# IS VIN # 242176120037 Authentic For '66 GTO



## take5 (Aug 9, 2009)

Please confirm VIN # 242176120037 as being genuine for car that is stated as '66 GTO Project Car. EBAY listed as having 100,000 miles but picture shows no engine, no transmission.
Understanding and recognizing the real from other claims is what I am looking to educate myself in.
Thanks for all information on this subject.


----------



## 67/04gto (Jan 15, 2005)

yes as long as they have the 242 in the begining of the vin it is real.there is a partial vin on the left rear frame rail behind the driver wheel well.if you are interested u can run the phs on the car to see what the car came with oringal


----------



## grabber (Sep 23, 2009)

There should be the letter P,K,Z,B,G,A, or R between the 6 and the 1 to designate which assembly plant it was made in.

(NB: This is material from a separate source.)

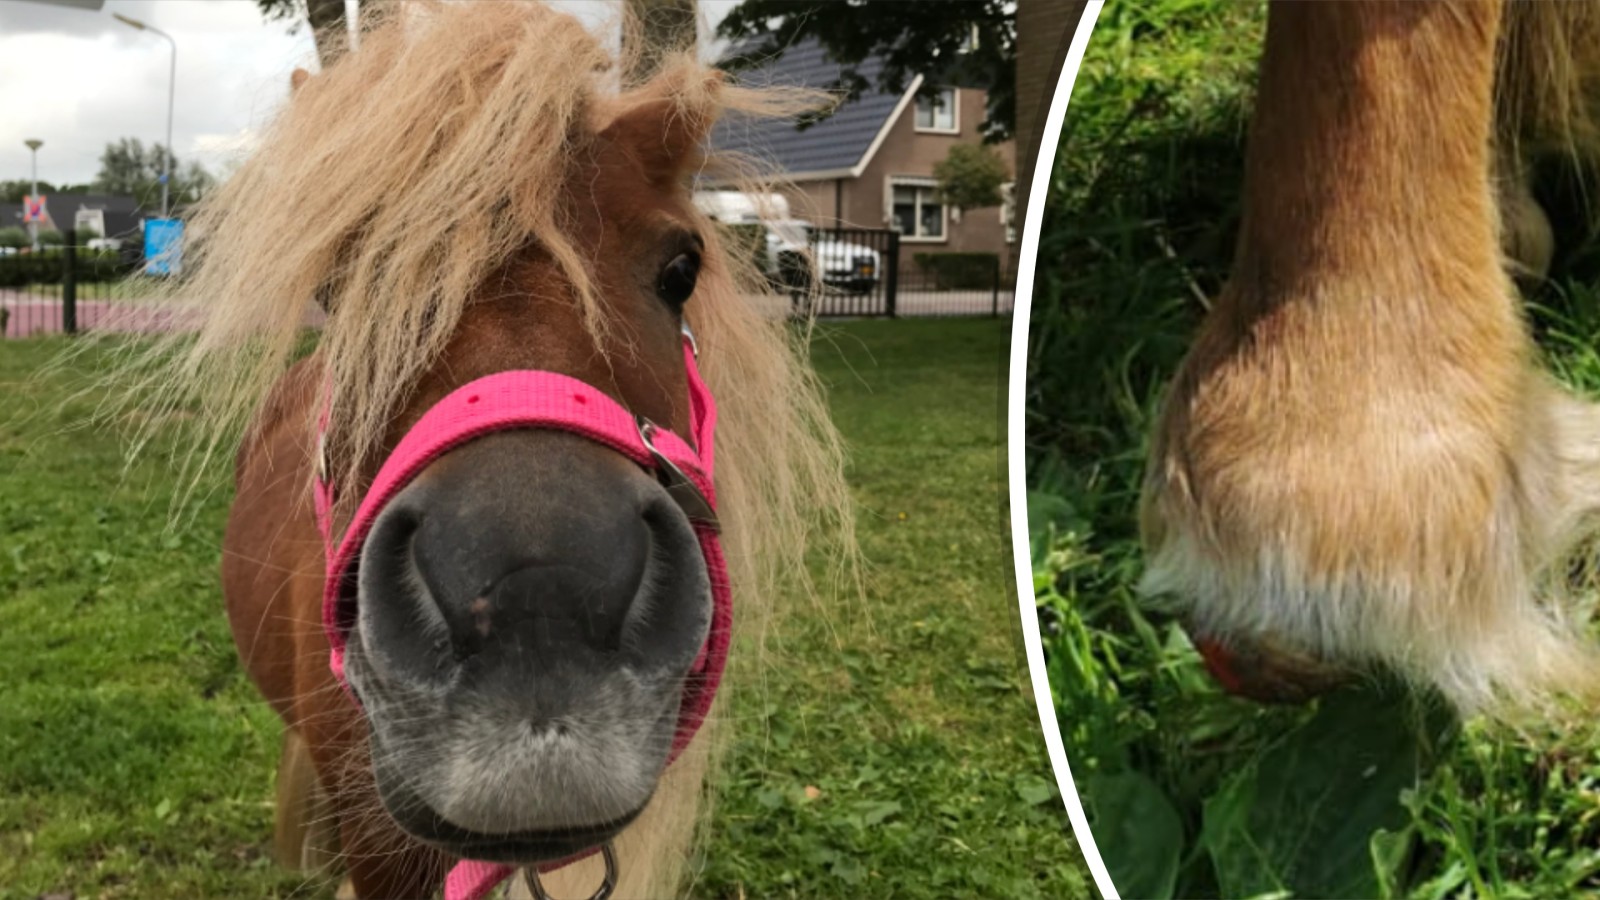 oogsten taart zin Vriendinnen Vanessa en Yvonne proberen pasgekochte pony te redden: "Ze  heeft veel pijn" - NH Nieuws

1966 GTO Specifications - UltimateGTO.com


----------



## 05GTO (Oct 6, 2004)

grabber said:


> There should be the letter P,K,Z,B,G,A, or R between the 6 and the 1 to designate which assembly plant it was made in.
> 
> 1966 GTO Specifications - UltimateGTO.com


I've never noticed a possible mistake on UltimateGTO for 66, I don't think 66 GTOs were built in Arlington or Atlanta. Their data plate information doesn't include those plants,

1966 GTO Specifications - UltimateGTO.com


----------